(Beginning of INPUT DATA)
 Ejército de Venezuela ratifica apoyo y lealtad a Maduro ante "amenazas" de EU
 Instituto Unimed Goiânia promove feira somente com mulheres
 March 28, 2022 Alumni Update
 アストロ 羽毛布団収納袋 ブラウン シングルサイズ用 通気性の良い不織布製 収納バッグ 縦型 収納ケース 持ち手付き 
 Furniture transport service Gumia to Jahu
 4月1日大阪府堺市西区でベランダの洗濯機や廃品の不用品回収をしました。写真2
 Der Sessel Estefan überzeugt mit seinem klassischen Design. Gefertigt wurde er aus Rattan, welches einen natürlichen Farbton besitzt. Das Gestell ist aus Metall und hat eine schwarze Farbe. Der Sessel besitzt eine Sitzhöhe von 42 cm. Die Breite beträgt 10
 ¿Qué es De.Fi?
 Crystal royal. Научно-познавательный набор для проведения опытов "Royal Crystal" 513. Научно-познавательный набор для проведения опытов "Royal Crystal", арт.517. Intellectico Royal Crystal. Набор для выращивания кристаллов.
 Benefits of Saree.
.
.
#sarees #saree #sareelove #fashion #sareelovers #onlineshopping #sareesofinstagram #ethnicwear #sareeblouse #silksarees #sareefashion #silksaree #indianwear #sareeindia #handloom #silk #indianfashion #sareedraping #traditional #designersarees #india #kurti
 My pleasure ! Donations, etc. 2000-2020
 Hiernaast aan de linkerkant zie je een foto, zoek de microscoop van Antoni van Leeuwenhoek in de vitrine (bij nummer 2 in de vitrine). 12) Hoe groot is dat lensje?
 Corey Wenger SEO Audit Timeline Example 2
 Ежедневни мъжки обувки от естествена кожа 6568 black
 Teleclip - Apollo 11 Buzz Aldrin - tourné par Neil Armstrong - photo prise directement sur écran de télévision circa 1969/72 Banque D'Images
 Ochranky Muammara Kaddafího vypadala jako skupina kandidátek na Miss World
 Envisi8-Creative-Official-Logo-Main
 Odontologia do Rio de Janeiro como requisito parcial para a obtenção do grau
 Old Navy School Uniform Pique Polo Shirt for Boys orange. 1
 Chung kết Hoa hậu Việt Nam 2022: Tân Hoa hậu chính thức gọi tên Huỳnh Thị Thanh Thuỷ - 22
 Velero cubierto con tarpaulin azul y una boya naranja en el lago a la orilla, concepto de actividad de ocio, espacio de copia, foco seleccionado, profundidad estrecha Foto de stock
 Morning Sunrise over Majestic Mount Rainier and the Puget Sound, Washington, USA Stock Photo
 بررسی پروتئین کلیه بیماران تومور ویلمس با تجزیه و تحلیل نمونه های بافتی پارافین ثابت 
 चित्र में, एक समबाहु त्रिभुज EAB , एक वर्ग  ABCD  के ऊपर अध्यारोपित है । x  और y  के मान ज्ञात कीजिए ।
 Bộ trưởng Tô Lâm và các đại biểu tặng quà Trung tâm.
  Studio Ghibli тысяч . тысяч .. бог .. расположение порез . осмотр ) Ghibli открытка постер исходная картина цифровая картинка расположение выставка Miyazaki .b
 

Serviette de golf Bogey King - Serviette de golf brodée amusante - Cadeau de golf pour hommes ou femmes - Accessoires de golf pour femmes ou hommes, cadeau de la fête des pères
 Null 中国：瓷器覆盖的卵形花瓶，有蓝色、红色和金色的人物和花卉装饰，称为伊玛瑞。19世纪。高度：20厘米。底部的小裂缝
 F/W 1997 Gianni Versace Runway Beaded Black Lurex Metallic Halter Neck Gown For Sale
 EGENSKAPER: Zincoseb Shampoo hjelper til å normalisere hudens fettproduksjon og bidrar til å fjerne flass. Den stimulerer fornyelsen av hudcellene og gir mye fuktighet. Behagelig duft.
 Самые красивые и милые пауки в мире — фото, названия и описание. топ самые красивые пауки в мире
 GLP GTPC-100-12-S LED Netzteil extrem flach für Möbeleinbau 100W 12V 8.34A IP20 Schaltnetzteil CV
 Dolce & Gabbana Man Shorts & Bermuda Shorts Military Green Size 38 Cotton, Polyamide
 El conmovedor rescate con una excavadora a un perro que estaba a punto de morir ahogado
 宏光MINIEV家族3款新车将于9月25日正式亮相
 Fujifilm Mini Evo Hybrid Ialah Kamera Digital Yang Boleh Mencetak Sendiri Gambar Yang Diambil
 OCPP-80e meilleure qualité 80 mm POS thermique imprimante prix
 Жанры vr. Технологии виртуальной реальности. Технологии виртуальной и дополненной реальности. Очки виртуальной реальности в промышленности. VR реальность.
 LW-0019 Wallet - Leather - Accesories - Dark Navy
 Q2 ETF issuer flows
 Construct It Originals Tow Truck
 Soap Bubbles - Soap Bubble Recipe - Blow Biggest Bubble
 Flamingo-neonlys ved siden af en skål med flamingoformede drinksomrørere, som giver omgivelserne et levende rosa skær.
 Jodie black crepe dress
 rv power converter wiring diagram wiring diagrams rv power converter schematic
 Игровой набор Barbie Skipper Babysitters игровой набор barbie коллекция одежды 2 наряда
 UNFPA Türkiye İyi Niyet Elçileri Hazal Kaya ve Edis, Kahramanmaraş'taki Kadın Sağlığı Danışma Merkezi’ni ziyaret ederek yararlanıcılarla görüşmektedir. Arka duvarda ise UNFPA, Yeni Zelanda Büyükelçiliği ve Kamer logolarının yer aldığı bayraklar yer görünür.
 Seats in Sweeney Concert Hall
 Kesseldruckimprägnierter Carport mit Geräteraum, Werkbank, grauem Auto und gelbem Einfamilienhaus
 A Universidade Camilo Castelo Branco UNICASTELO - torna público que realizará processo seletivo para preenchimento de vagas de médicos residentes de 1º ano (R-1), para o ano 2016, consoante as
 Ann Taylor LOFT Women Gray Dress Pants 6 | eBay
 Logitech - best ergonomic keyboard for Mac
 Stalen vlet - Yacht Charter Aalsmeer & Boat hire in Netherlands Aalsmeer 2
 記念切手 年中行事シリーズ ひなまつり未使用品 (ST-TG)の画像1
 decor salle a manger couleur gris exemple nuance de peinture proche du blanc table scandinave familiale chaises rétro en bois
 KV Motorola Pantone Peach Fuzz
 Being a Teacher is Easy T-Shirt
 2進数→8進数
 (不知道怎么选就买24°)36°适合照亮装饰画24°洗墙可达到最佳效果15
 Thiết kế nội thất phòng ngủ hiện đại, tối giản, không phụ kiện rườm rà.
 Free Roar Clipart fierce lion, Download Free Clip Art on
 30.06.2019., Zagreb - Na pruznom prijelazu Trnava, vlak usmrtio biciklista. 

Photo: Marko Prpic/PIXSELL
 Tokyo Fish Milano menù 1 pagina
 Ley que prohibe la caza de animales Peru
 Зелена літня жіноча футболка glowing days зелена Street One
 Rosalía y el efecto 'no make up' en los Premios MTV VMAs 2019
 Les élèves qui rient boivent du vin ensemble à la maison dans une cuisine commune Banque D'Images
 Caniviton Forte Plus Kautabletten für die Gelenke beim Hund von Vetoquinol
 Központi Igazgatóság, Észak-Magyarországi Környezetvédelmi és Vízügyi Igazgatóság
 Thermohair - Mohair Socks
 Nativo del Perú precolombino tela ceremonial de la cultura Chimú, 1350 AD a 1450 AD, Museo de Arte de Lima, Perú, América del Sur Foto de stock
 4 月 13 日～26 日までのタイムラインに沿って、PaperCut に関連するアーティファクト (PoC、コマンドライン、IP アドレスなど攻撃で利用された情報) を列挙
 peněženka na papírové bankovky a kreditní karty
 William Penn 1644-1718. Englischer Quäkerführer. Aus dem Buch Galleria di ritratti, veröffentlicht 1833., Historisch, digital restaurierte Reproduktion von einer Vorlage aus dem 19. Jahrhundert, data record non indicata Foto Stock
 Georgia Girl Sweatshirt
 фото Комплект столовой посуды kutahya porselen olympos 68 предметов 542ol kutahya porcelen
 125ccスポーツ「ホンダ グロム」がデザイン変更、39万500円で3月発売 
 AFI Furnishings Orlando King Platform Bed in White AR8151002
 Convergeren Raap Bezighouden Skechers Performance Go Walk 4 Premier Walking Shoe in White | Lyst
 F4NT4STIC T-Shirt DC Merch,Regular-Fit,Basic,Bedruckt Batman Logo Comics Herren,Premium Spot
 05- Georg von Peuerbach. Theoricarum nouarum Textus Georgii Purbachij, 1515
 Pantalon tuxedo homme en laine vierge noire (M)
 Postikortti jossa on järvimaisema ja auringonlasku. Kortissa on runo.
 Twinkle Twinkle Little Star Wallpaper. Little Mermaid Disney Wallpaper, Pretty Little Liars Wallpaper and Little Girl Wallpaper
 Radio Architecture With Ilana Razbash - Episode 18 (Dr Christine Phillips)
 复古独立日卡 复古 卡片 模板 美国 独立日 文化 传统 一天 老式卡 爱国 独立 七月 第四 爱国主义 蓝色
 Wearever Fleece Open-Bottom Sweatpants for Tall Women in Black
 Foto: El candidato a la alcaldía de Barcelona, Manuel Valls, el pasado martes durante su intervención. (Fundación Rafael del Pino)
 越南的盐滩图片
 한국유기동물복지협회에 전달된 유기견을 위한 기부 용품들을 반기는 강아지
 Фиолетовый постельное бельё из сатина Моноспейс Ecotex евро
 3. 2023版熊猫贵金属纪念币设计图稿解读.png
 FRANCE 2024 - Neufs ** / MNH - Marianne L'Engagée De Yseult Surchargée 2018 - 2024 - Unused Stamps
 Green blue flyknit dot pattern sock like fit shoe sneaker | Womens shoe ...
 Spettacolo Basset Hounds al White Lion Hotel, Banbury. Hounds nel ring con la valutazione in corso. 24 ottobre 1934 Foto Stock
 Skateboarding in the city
(End of INPUT DATA)
• TASK DESCRIPTION: Return, please, the lines of the data from the first through the line containing "Chung kết Hoa", both kept, exactly as they stand and nothing more.

• ANSWER TO THIS PROBLEM:
 Ejército de Venezuela ratifica apoyo y lealtad a Maduro ante "amenazas" de EU
 Instituto Unimed Goiânia promove feira somente com mulheres
 March 28, 2022 Alumni Update
 アストロ 羽毛布団収納袋 ブラウン シングルサイズ用 通気性の良い不織布製 収納バッグ 縦型 収納ケース 持ち手付き 
 Furniture transport service Gumia to Jahu
 4月1日大阪府堺市西区でベランダの洗濯機や廃品の不用品回収をしました。写真2
 Der Sessel Estefan überzeugt mit seinem klassischen Design. Gefertigt wurde er aus Rattan, welches einen natürlichen Farbton besitzt. Das Gestell ist aus Metall und hat eine schwarze Farbe. Der Sessel besitzt eine Sitzhöhe von 42 cm. Die Breite beträgt 10
 ¿Qué es De.Fi?
 Crystal royal. Научно-познавательный набор для проведения опытов "Royal Crystal" 513. Научно-познавательный набор для проведения опытов "Royal Crystal", арт.517. Intellectico Royal Crystal. Набор для выращивания кристаллов.
 Benefits of Saree.
.
.
#sarees #saree #sareelove #fashion #sareelovers #onlineshopping #sareesofinstagram #ethnicwear #sareeblouse #silksarees #sareefashion #silksaree #indianwear #sareeindia #handloom #silk #indianfashion #sareedraping #traditional #designersarees #india #kurti
 My pleasure ! Donations, etc. 2000-2020
 Hiernaast aan de linkerkant zie je een foto, zoek de microscoop van Antoni van Leeuwenhoek in de vitrine (bij nummer 2 in de vitrine). 12) Hoe groot is dat lensje?
 Corey Wenger SEO Audit Timeline Example 2
 Ежедневни мъжки обувки от естествена кожа 6568 black
 Teleclip - Apollo 11 Buzz Aldrin - tourné par Neil Armstrong - photo prise directement sur écran de télévision circa 1969/72 Banque D'Images
 Ochranky Muammara Kaddafího vypadala jako skupina kandidátek na Miss World
 Envisi8-Creative-Official-Logo-Main
 Odontologia do Rio de Janeiro como requisito parcial para a obtenção do grau
 Old Navy School Uniform Pique Polo Shirt for Boys orange. 1
 Chung kết Hoa hậu Việt Nam 2022: Tân Hoa hậu chính thức gọi tên Huỳnh Thị Thanh Thuỷ - 22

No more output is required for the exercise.